What disclosure requirements apply?

Several amendments to Form N-1A, the registration form used by open-end funds, are designed to provide an ETF’s investors with additional information regarding ETF trading and associated costs. These include:

  • Adding the term “selling” to current narrative disclosure requirements to clarify that the fees and expenses reflected in the expense table may be higher for investors if they buy, hold, and sell ETF shares;
  • Requiring streamlined narrative disclosures relating to an ETF’s trading costs, including bid-ask spreads;
  • Requiring ETFs that do not rely on Rule 6c-11 to disclose median bid-ask spread information on their websites or in their prospectus;
  • Excluding ETFs that provide premium/discount disclosures in accordance with Rule 6c-11 from the premium and discount disclosure requirements in Form N-1A; and
  • Eliminating disclosure relating to creation unit size and disclosures applying only to ETFs with creation unit sizes of less than 25,000 shares.

These disclosure requirements apply to certain ETFs that are not included within the scope of Rule 6c-11. The ETF Rule also includes several amendments to Form N-8B-2, the registration form used by UITs, that will mirror the requirements adopted in Form N-1A. Finally, an ETF will be required to indicate, in reports on Form N-CEN, whether it relies on Rule 6c-11.

What recordkeeping requirements apply?

An ETF must preserve and maintain copies of all written agreements between it (or its service provider) and an authorized participant that allow the authorized participant to purchase or redeem creation units. It also must maintain information regarding the baskets exchanged with authorized participants.

Effective date

Eligible ETFs may begin relying on Rule 6c-11 after the effective date, which is December 23, 2019. The compliance date for the form amendments is December 22, 2020. On December 23, 2020, the Commission will also rescind certain portions of prior ETF exemptive orders that grant relief related to the formation and operation of an ETF.

Other resources

The adopting release can be found on the Commission’s website at https://www.sec.gov/rules/final/2019/33-10695.pdf.

The proposing release can be found on the Commission’s website at https://www.sec.gov/rules/proposed/2018/33-10515.pdf.
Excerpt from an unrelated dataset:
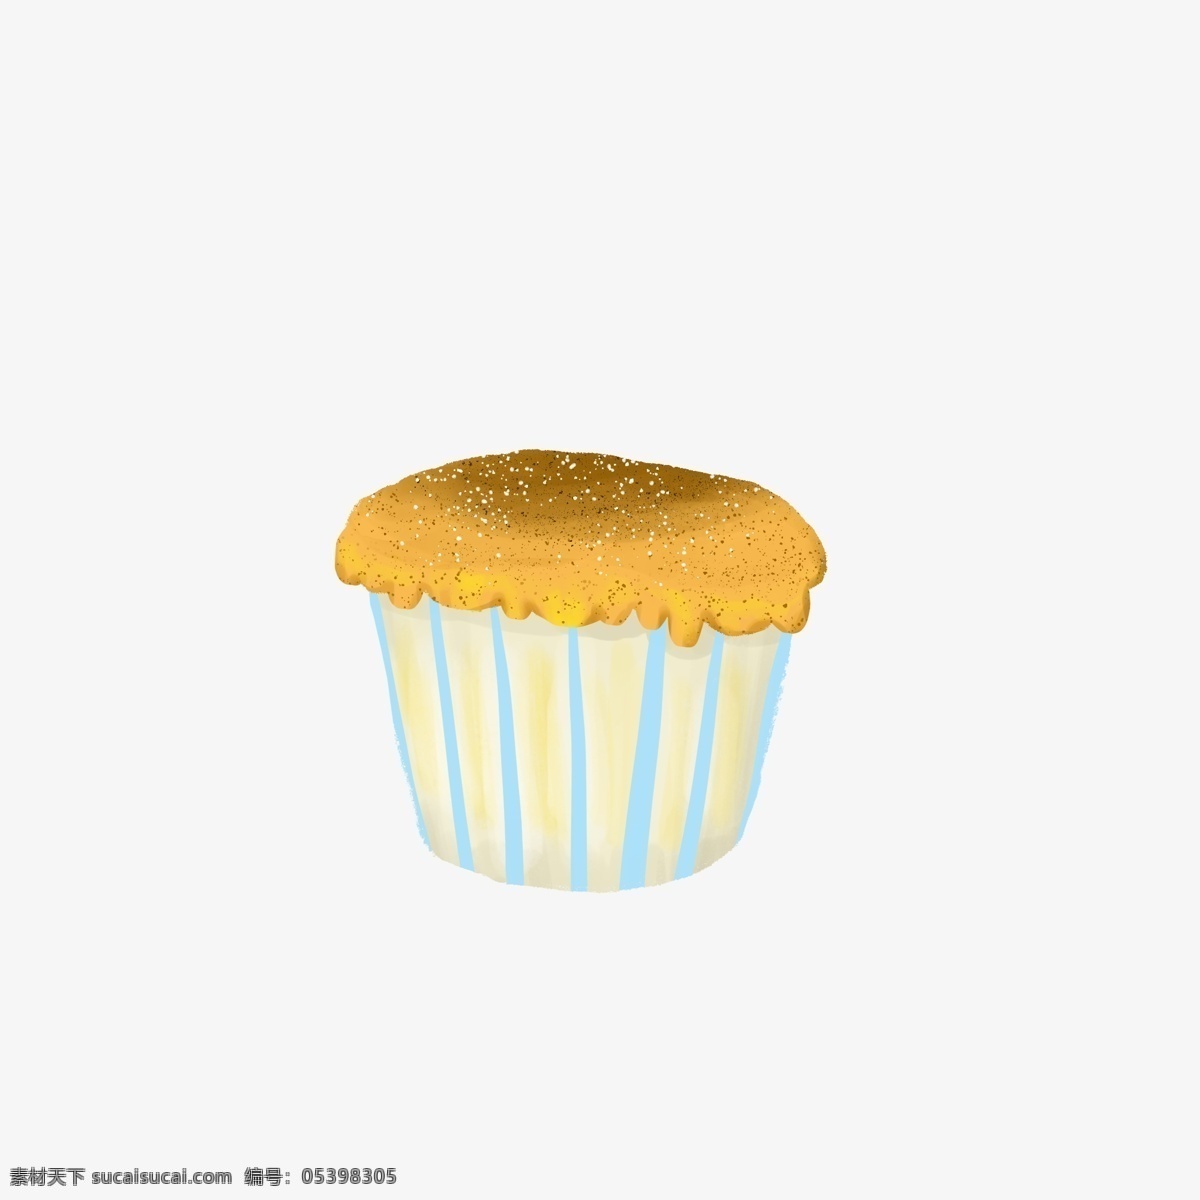 简约 手绘 小 蛋糕 海报 插画 免 抠 元素 小蛋糕 黄色 纸杯蛋糕 美食 食物 甜点 甜品 下午茶 小清新

A related exemptive order providing relief to broker-dealers and certain other persons from certain provisions of the Securities Exchange Act and its rules for transactions involving ETF shares can be found on the Commission’s website at https://www.sec.gov/rules/exorders/2019/34-87110.pdf.

Contacting the Commission

The Commission’s Division of Investment Management is happy to assist small entities with questions regarding the ETF Rule. You may submit a question by email to IMOCC@sec.gov. Additionally, you may contact the Division of Investment Management’s Office of Chief Counsel at (202) 551-6825.


[1] This guide was prepared by the staff of the U.S. Securities and Exchange Commission as a “small entity compliance guide” under Section 212 of the Small Business Regulatory Enforcement Fairness Act of 1996, as amended. The guide summarizes and explains rules and form amendments adopted by the Commission, but is not a substitute for any rule or form itself. Only the rule or form itself can provide complete and definitive information regarding its requirements.